▶ [TASK BRIEF]:
Below are some records. Set down exactly the line holding "Mt. Shasta, Cal., 'Detroit" and every later line through the end, omitting the pictures.

▶ [SOURCE INFORMATION]:
Segment Open

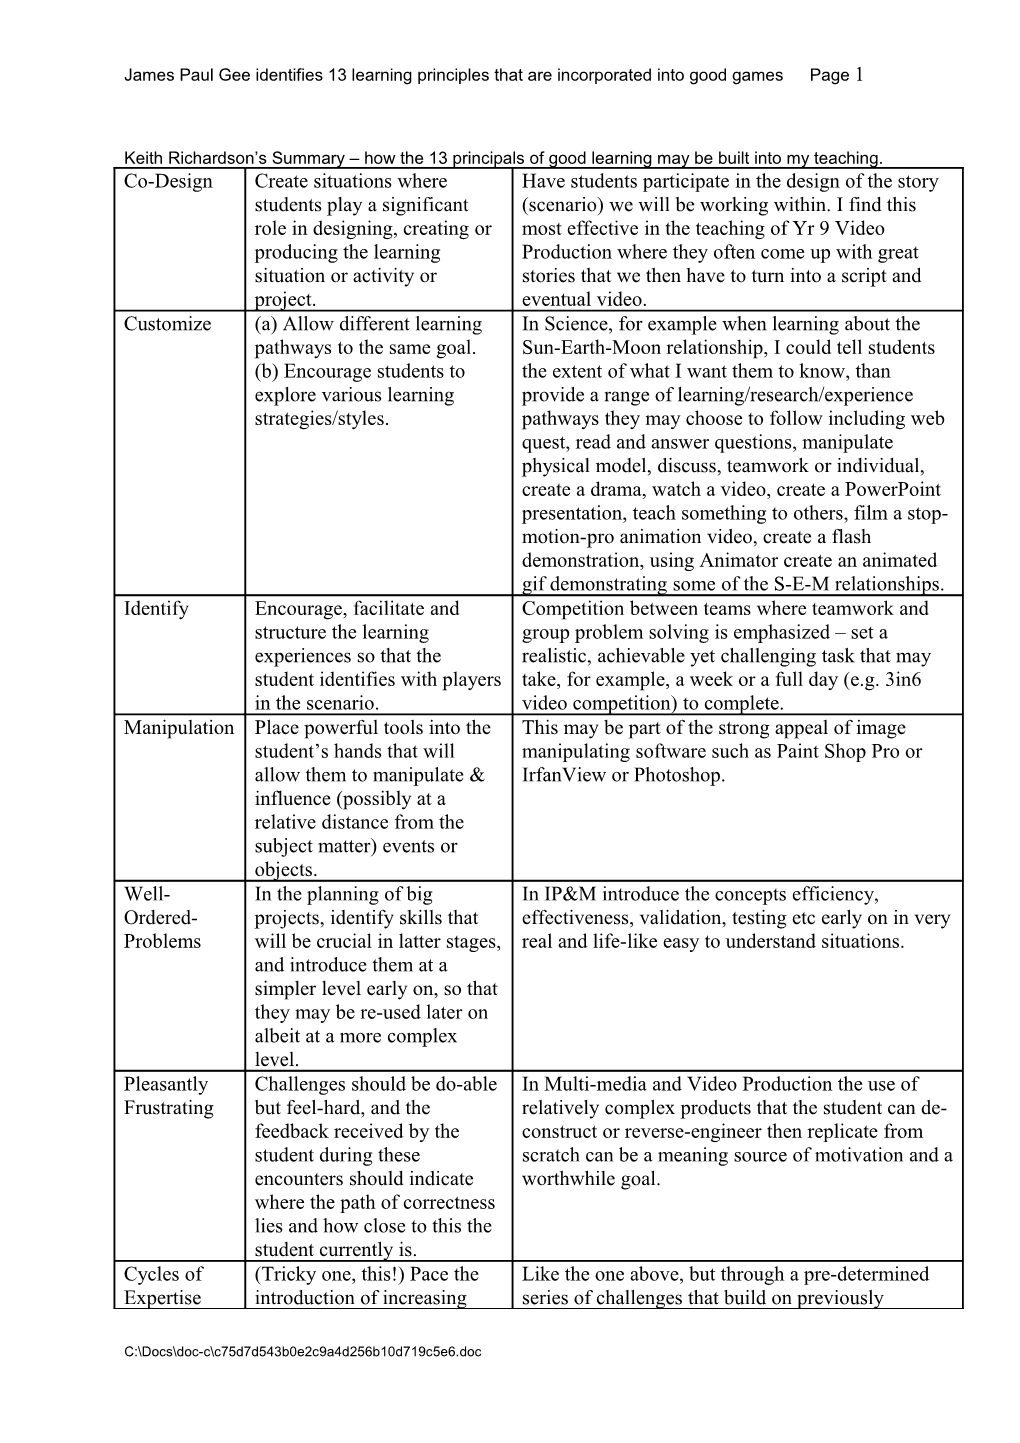 Keith Richardson S Summary How the 13 Principals of Good Learning May Be Built Into My Teaching
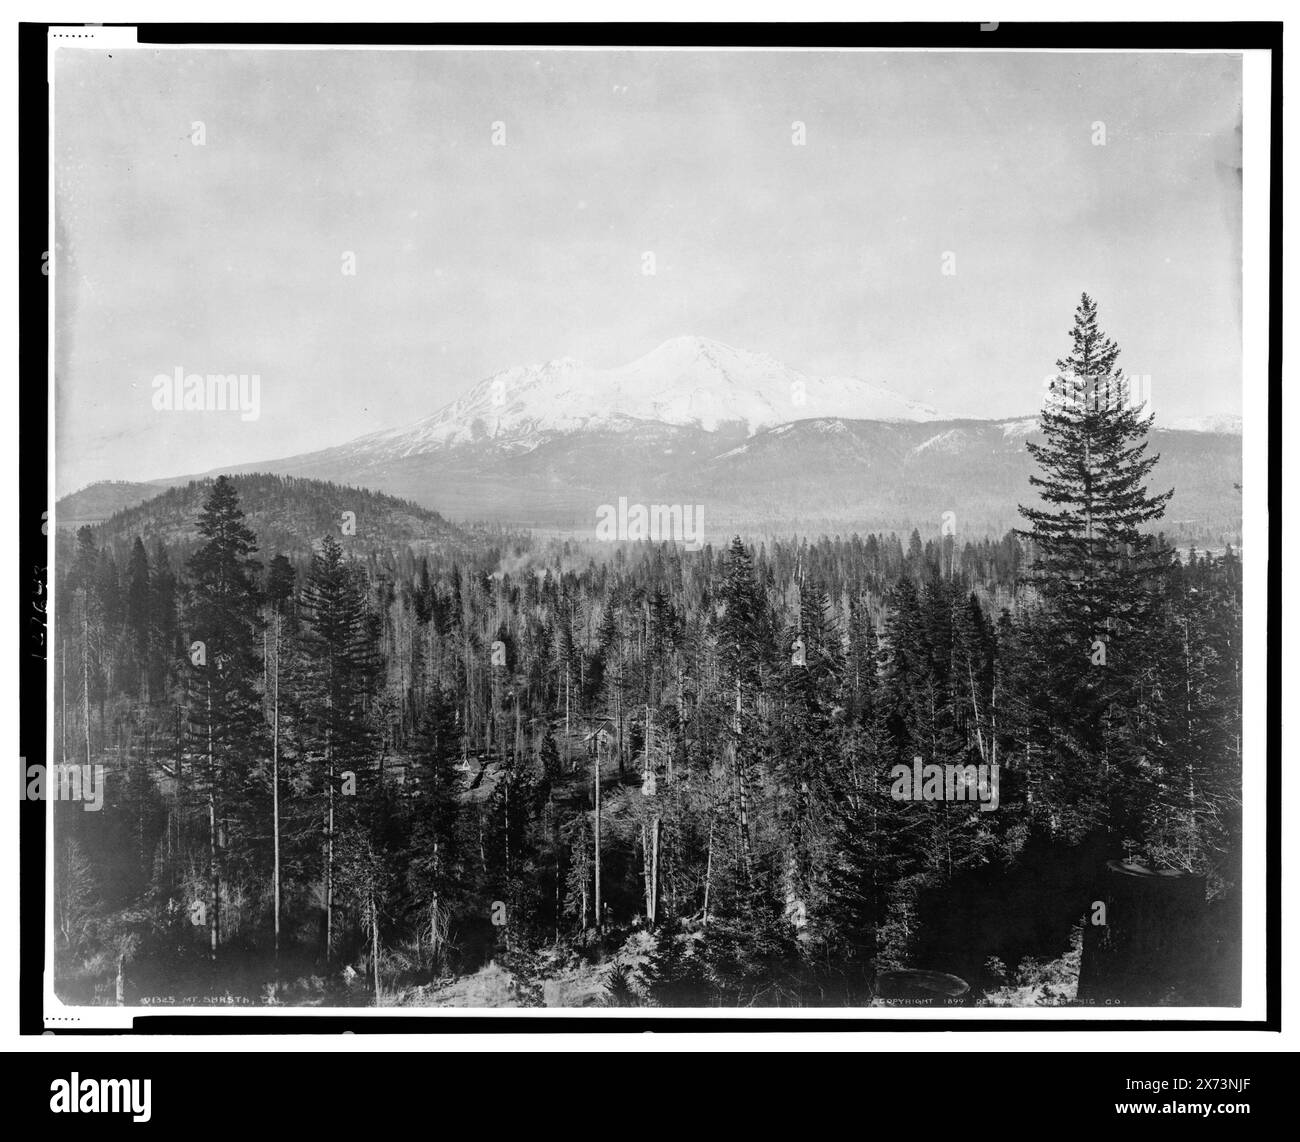 Mt. Shasta, Cal., 'Detroit Photographic Co.', Listed in Detroit, Catalogue F (1899)., Copyright deposit no. 61196., Detroit Publishing Co. no. 01325., Copyright deposit. State Historical Society of Colorado; 1949,  Mountains. , United States, California, Shasta, Mount. Stock Photo
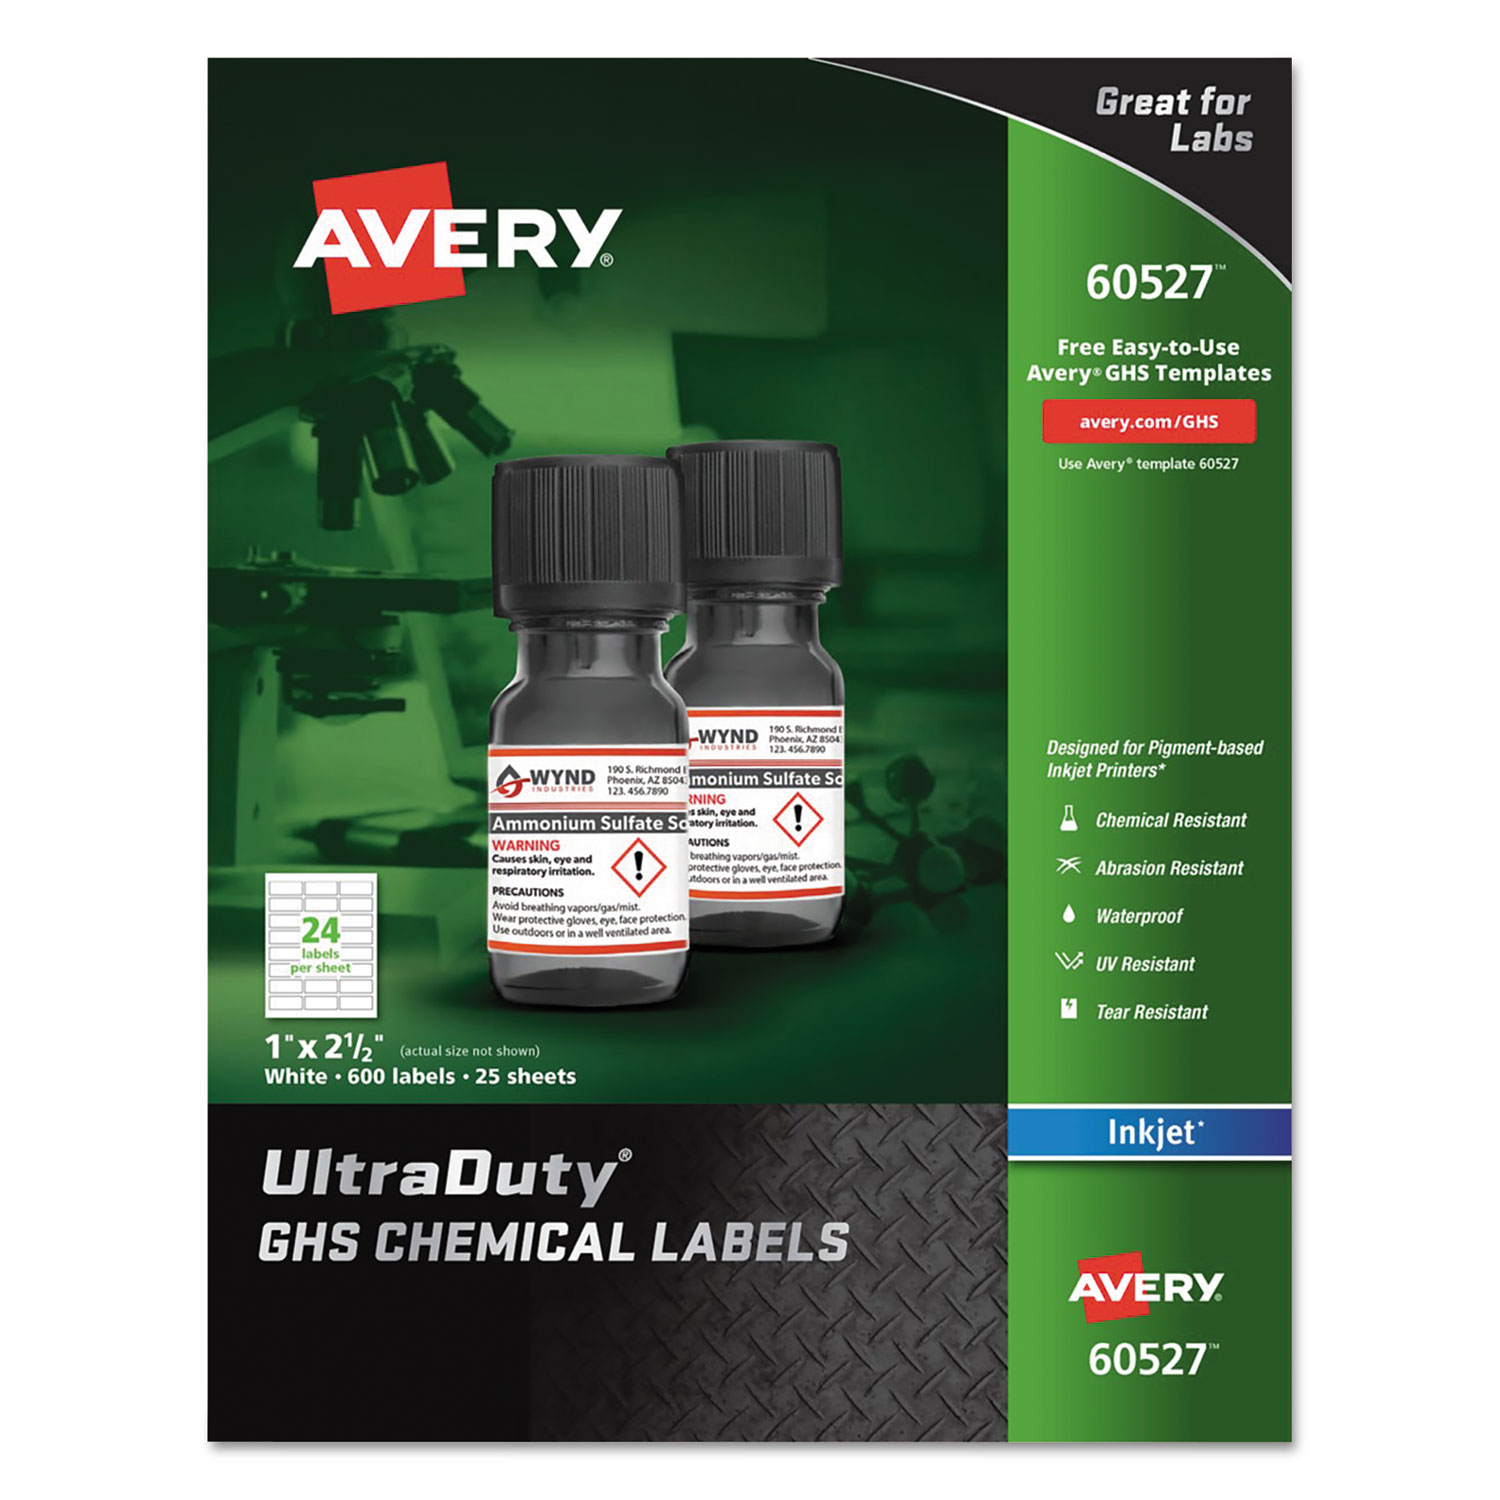  Avery 60527 UltraDuty GHS Chemical Waterproof and UV Resistant Labels, 1 x 2.5, White, 24/Sheet, 25 Sheets/Pack (AVE60527) 
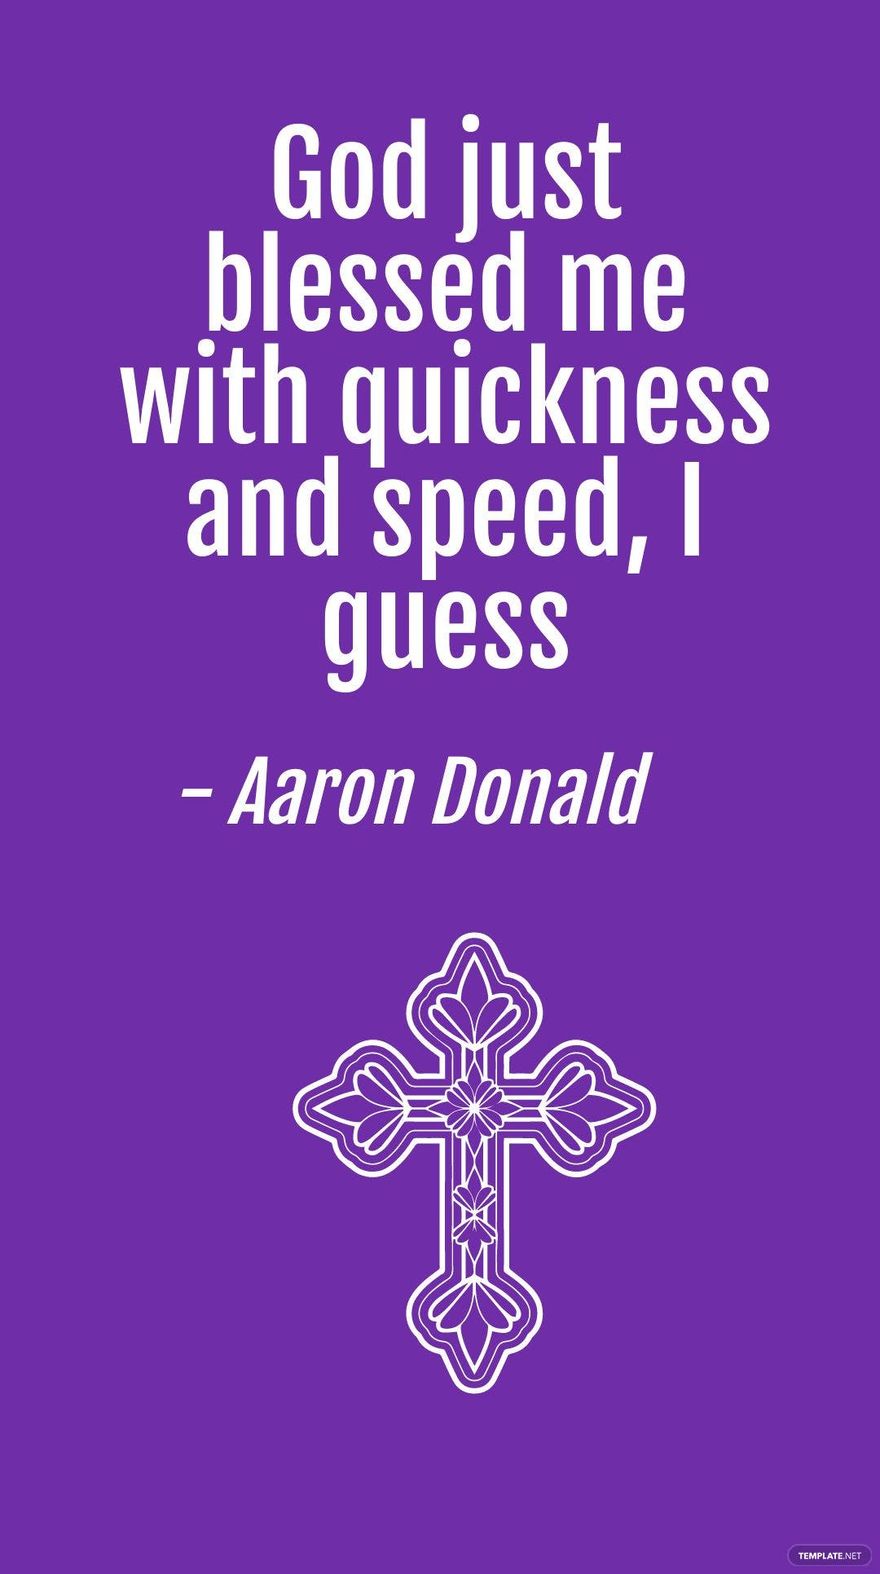 Aaron Donald - God just blessed me with quickness and speed, I guess
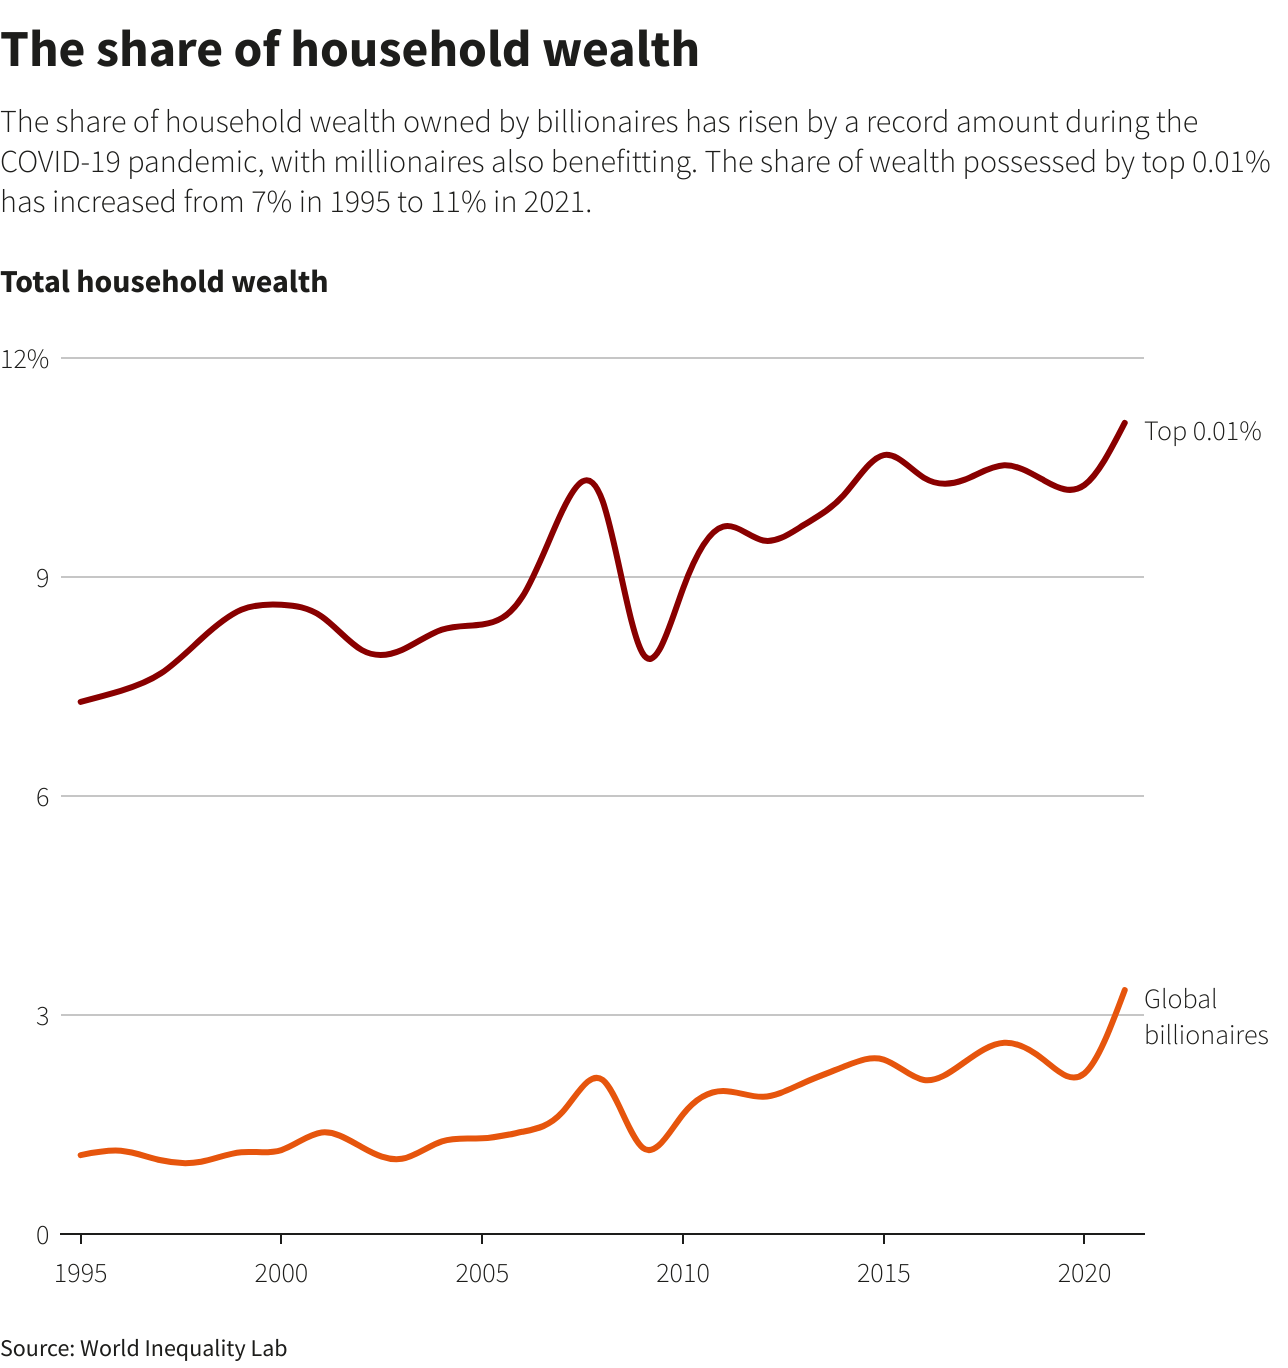 The share of household wealth by billionaires

Segment Closed

▶ [EXERCISE RESPONSE]:
 Mt. Shasta, Cal., 'Detroit Photographic Co.', Listed in Detroit, Catalogue F (1899)., Copyright deposit no. 61196., Detroit Publishing Co. no. 01325., Copyright deposit. State Historical Society of Colorado; 1949,  Mountains. , United States, California, Shasta, Mount. Stock Photo
  Avery 60527 UltraDuty GHS Chemical Waterproof and UV Resistant Labels, 1 x 2.5, White, 24/Sheet, 25 Sheets/Pack (AVE60527) 
 Aaron Donald - God just blessed me with quickness and speed, I guess
 The share of household wealth by billionaires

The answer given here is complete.